中長小西での個展が盛況のうちに終了した。新しく作ったばかりの新作オブジェの多くがコレクターの方々のコレクションに入り、私は表現者としての手応えを覚えながらアトリエに戻った。

 

部屋の明かりをつけると、6枚からなるFAX文が届いていた。発信先は池田満寿夫美術館。先日、個展会場に来られた学芸員の方から、池田満寿夫氏の遺品の中から私が氏に宛てて書いた手紙が出て来たという話を聞かされており、ぜひ読んでみたいという私の希望を受けて送られて来たのである。それは、新宿の中村屋で氏と初対面を果たした直後に書いた手紙であった。
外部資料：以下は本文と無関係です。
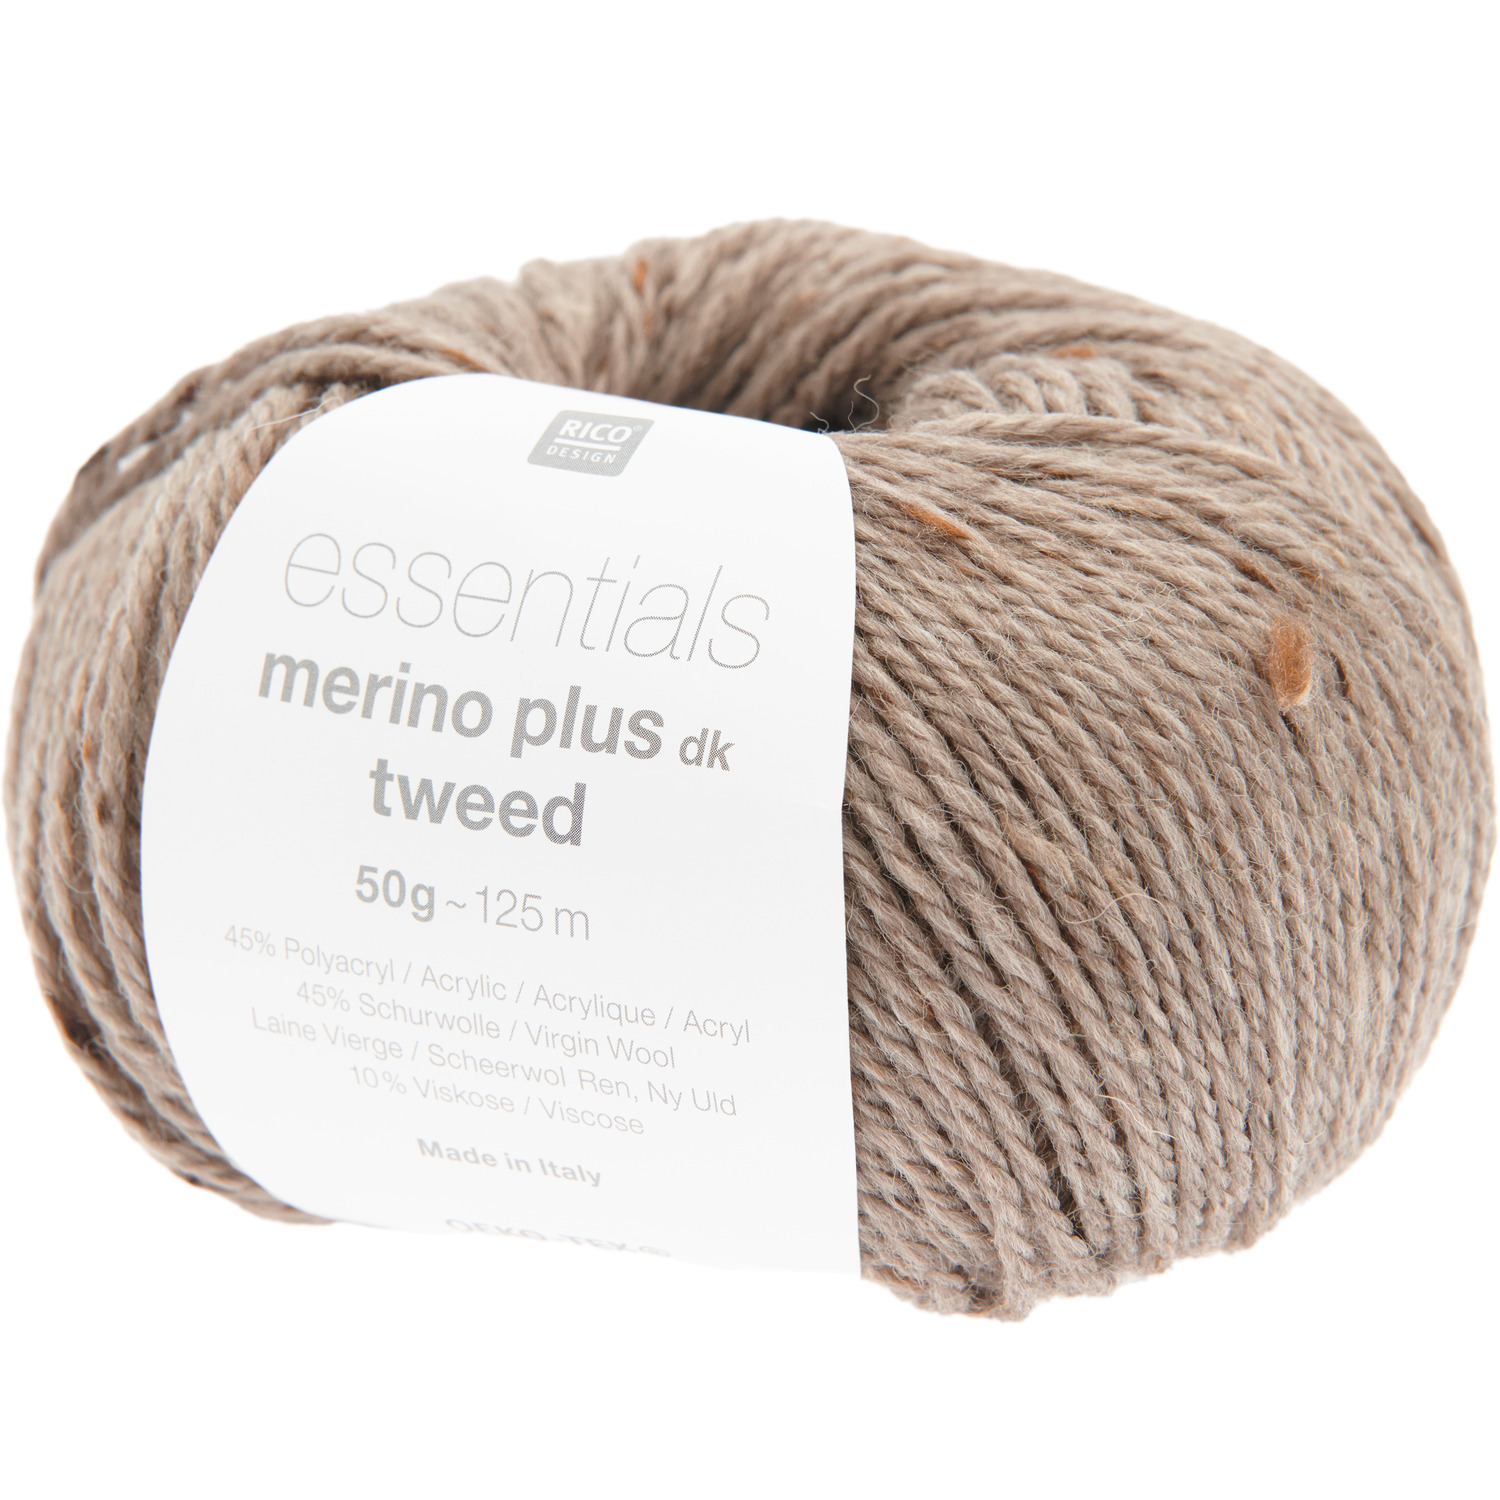 Essentials Merino Plus Tweed dk

以後、何通もの手紙を私と氏は交わしているが、氏から届いた何通かは今も私の手元にある。・・・・読んでいく内に今の私と24歳時の私が重なり、銅版画に自分の存在の意味を見出していた頃の自分が立ち上がってくる。手紙には、写真家アジェへの想い、美術家たちの認識の低さへの怒り、自分の文体といえるものを早く確立したい事への焦り、メチエへのこだわり、今作っている作品の事・・・・などが青年らしい気負いで綴られている。この手紙を出した直後に、池田満寿夫氏は私をプロの作家にすべく、初の個展をプロデュースし、美術評論家の中原佑介氏がコミッショナーとして、私を東京国際版画ビエンナーレ展の日本の代表作家に推薦されるなど、いきなり作家としての地歩を固められたわけであるが、手紙はそれ以前の、いわゆる夜明け前の気分に充ちていて、我が事ながらいじらしい。長い時を経て突然現れたこの手紙は、「初心忘るべからず」という意味でも、実に好機な物なのかもしれない。そう、初心忘るべからず。先人達の残したこの言葉の含む意味は大きい。